● **What the exercise asks**: Repeat the data below in full. Pictures must not be part of the copy.

● **Supplied data**:

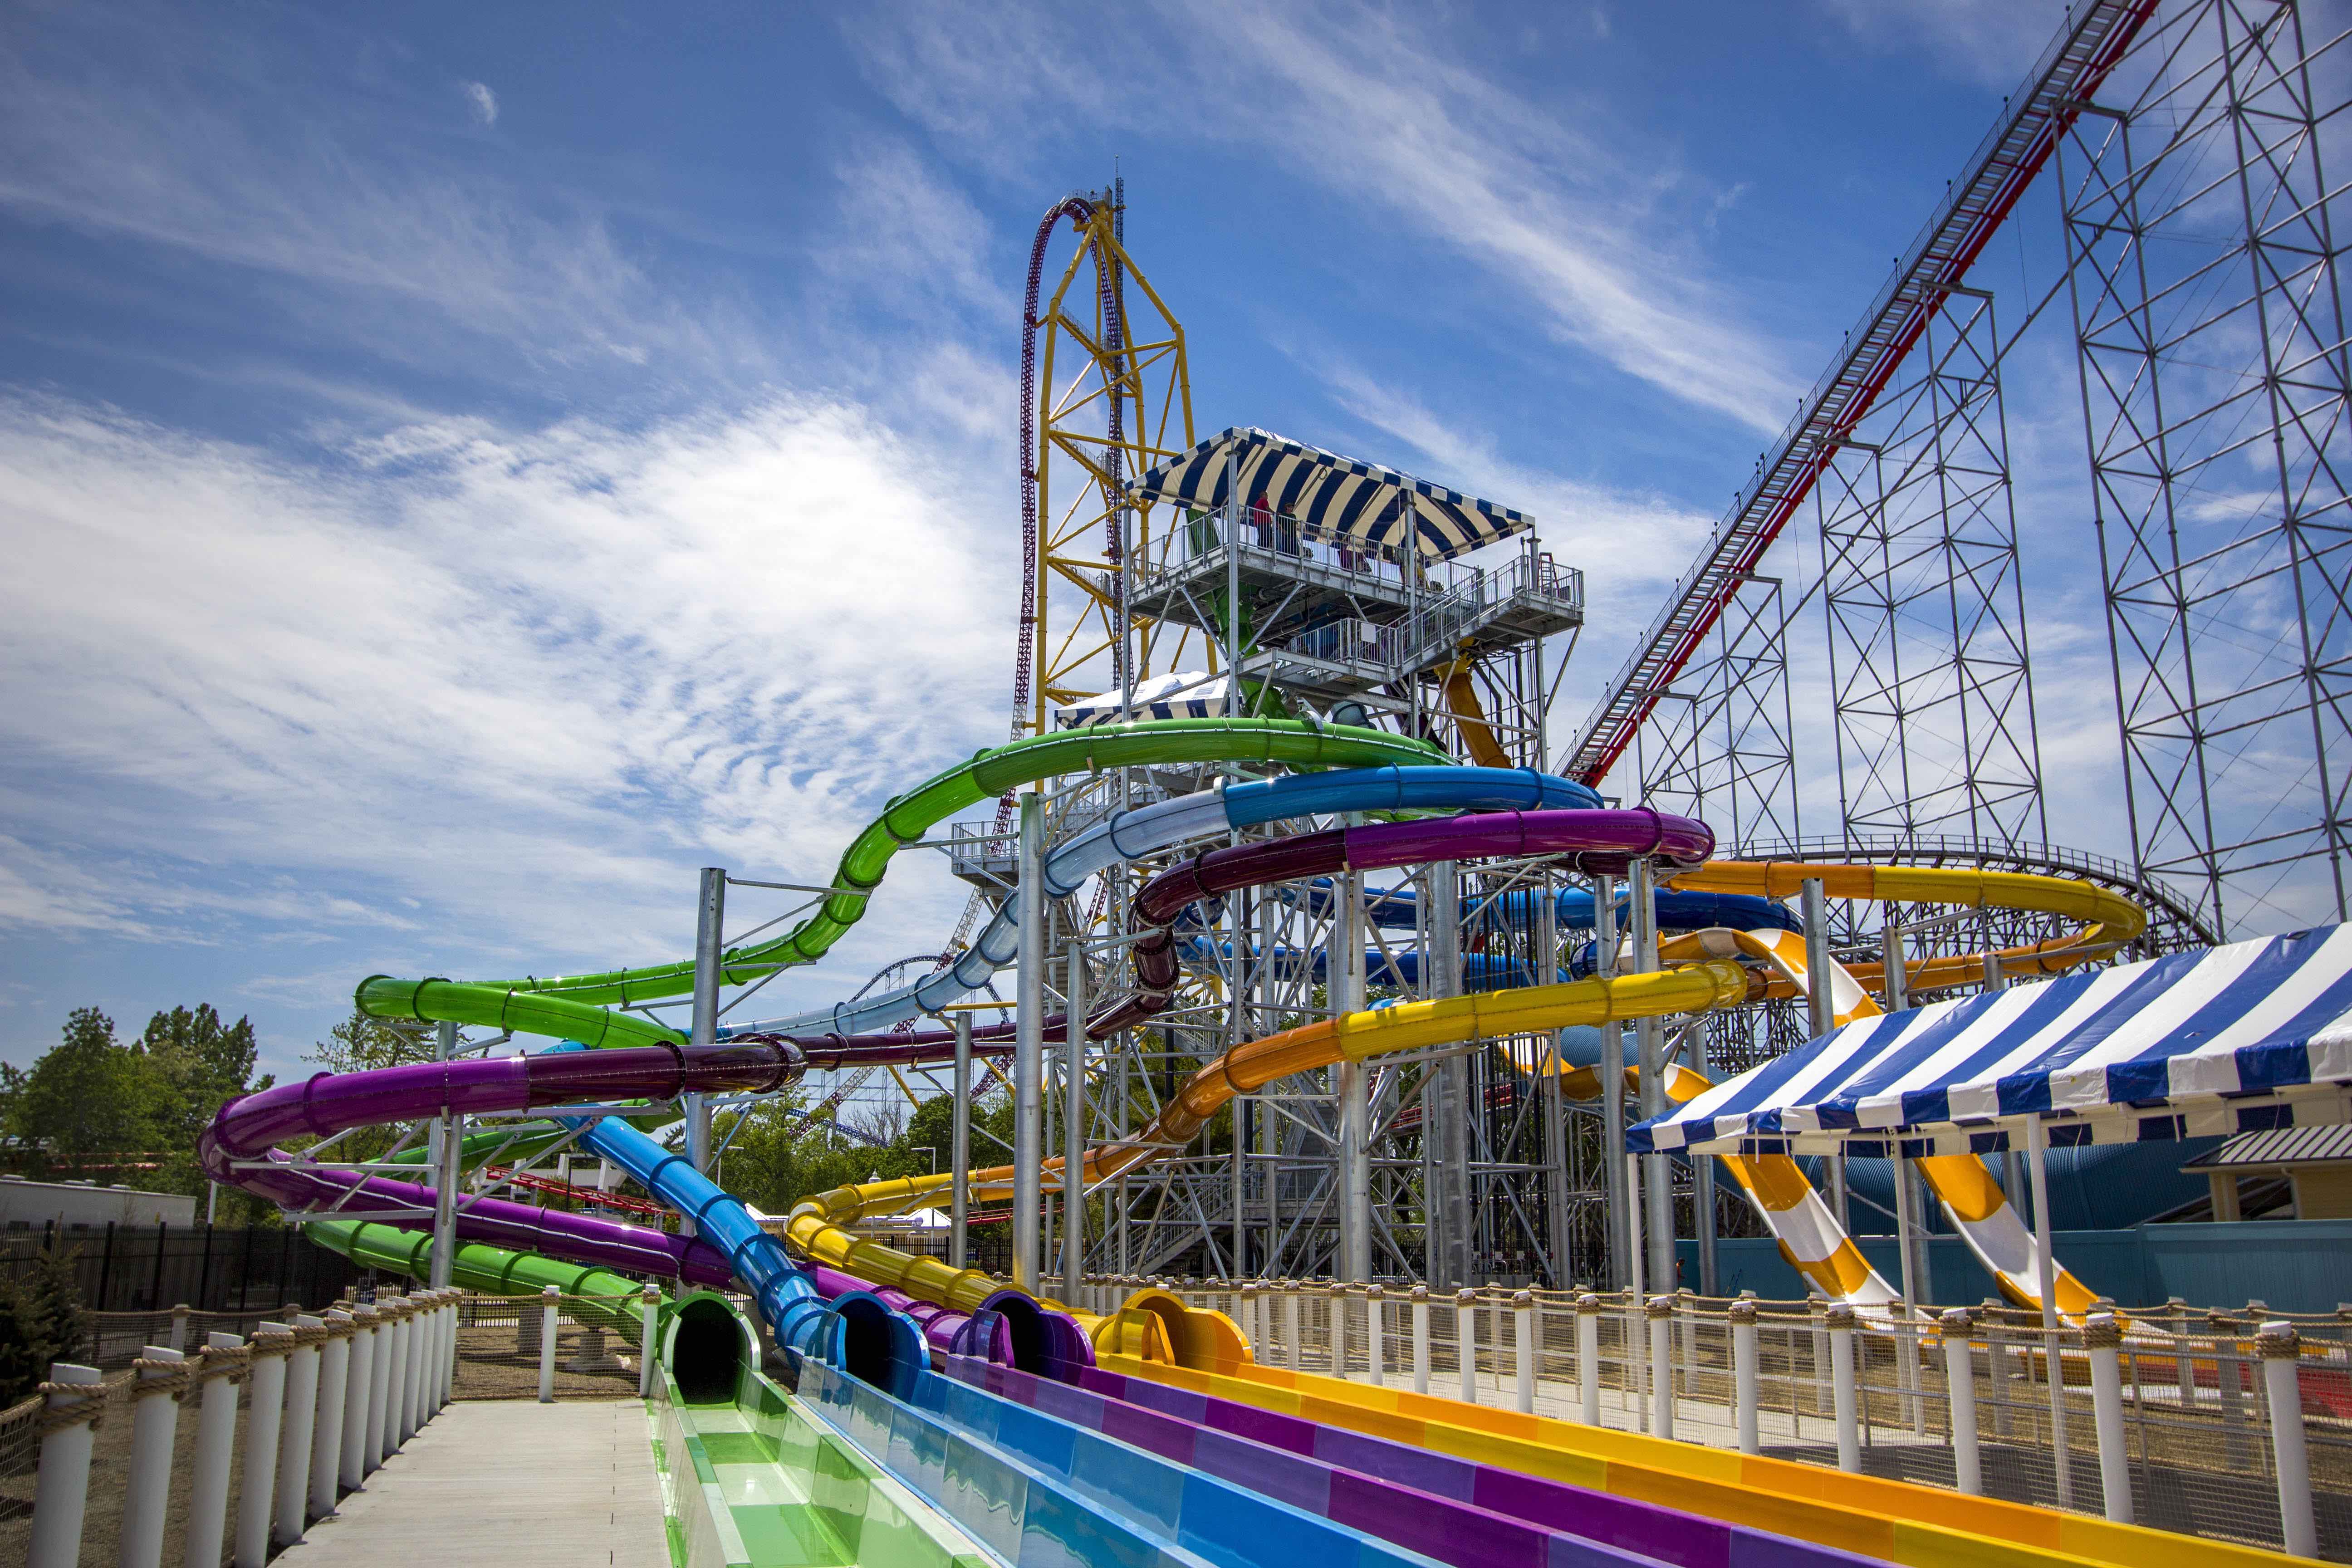 New Cedar Point Shores Waterpark Opens Park World Online Theme Park Amusement Park And
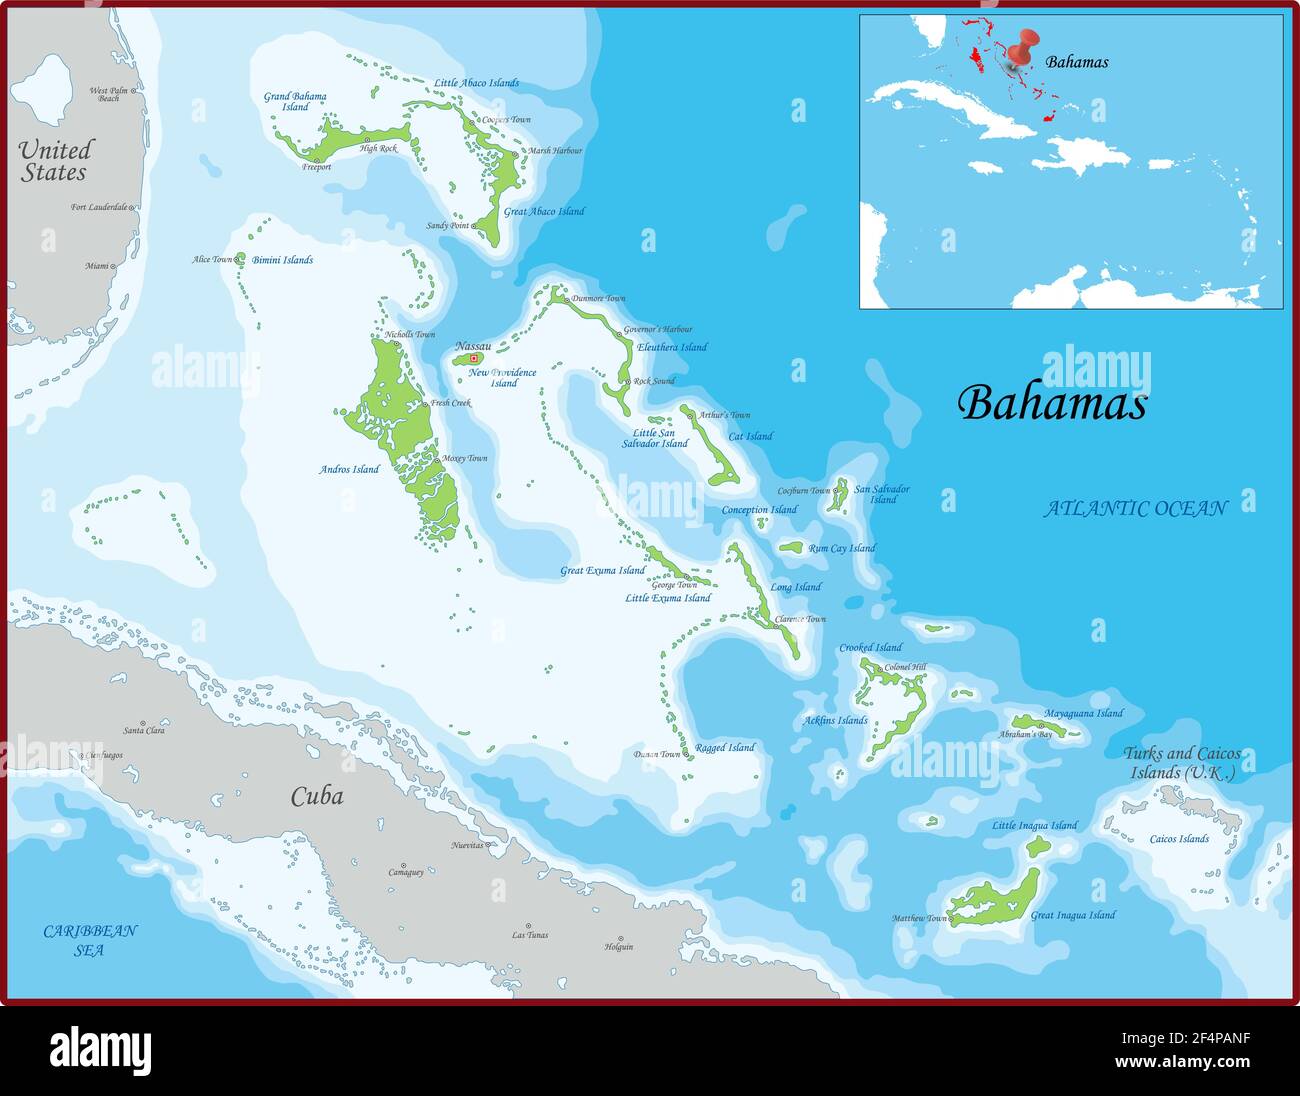 La carte des Bahamas a été dessinée avec un niveau de détail et de précision élevé Illustration de Vecteur
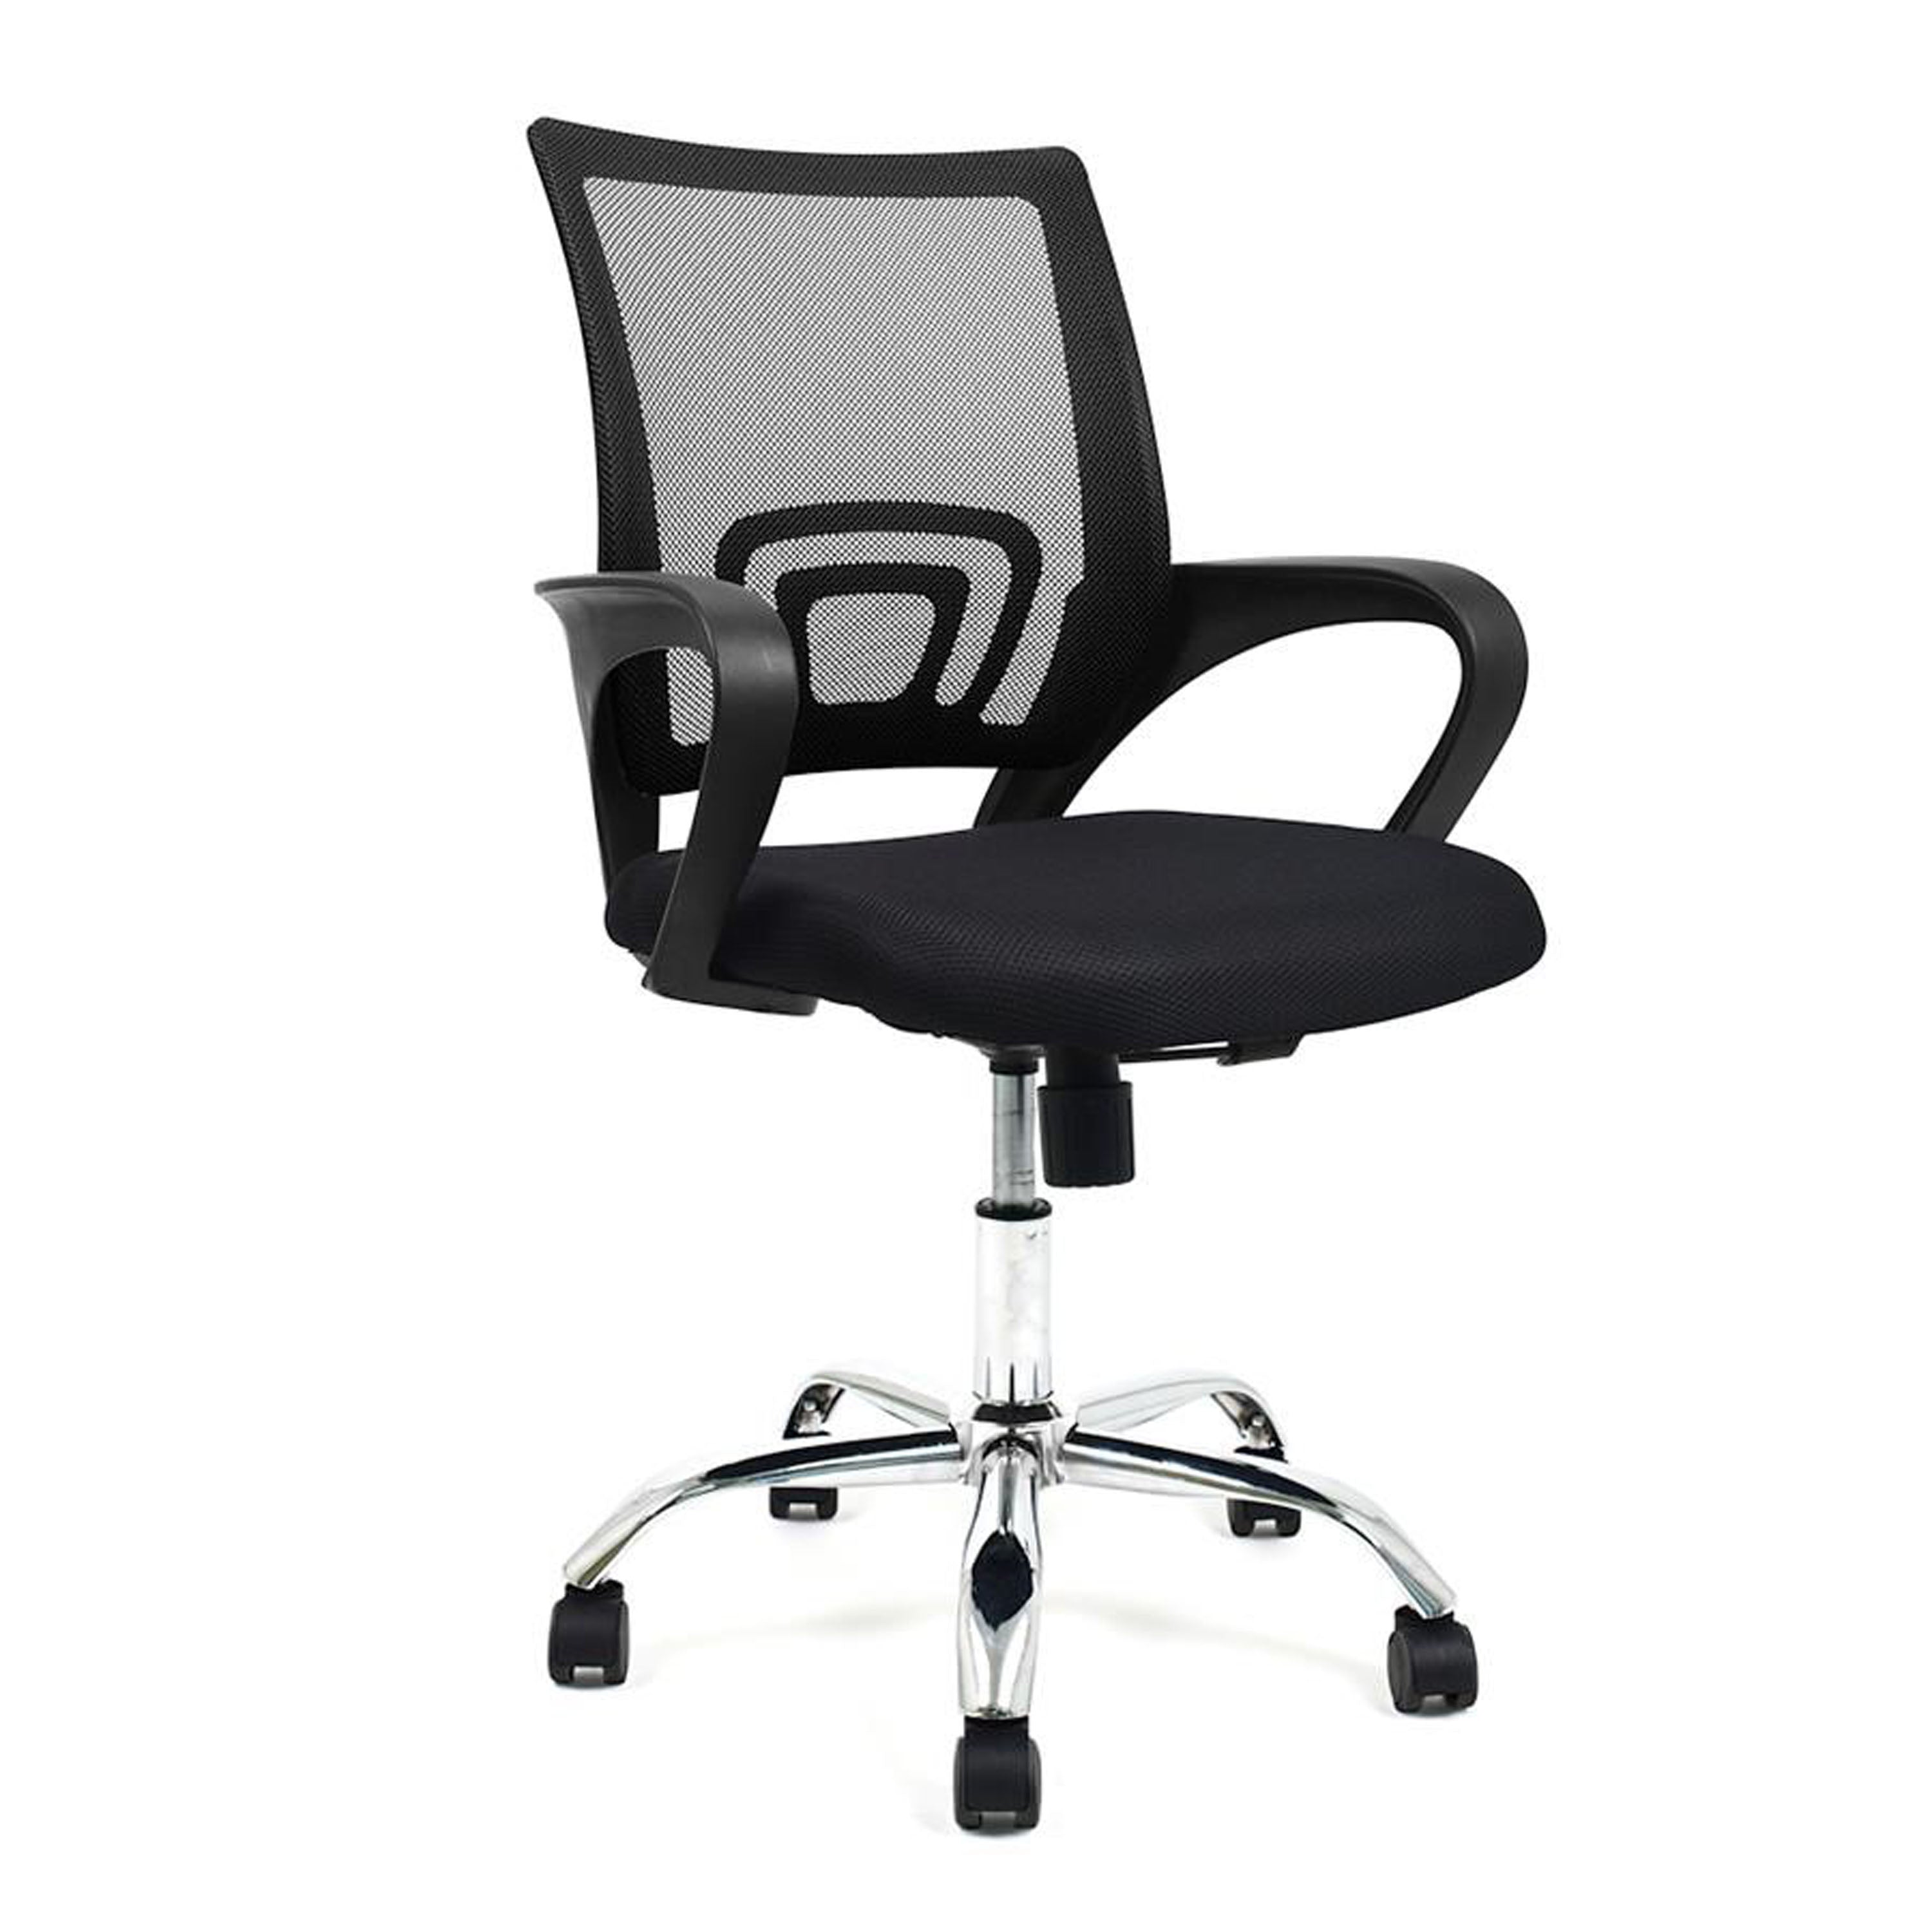 iQ Home Office Chair

● **Task response**:
 New Cedar Point Shores Waterpark Opens Park World Online Theme Park Amusement Park And
 La carte des Bahamas a été dessinée avec un niveau de détail et de précision élevé Illustration de Vecteur
 iQ Home Office Chair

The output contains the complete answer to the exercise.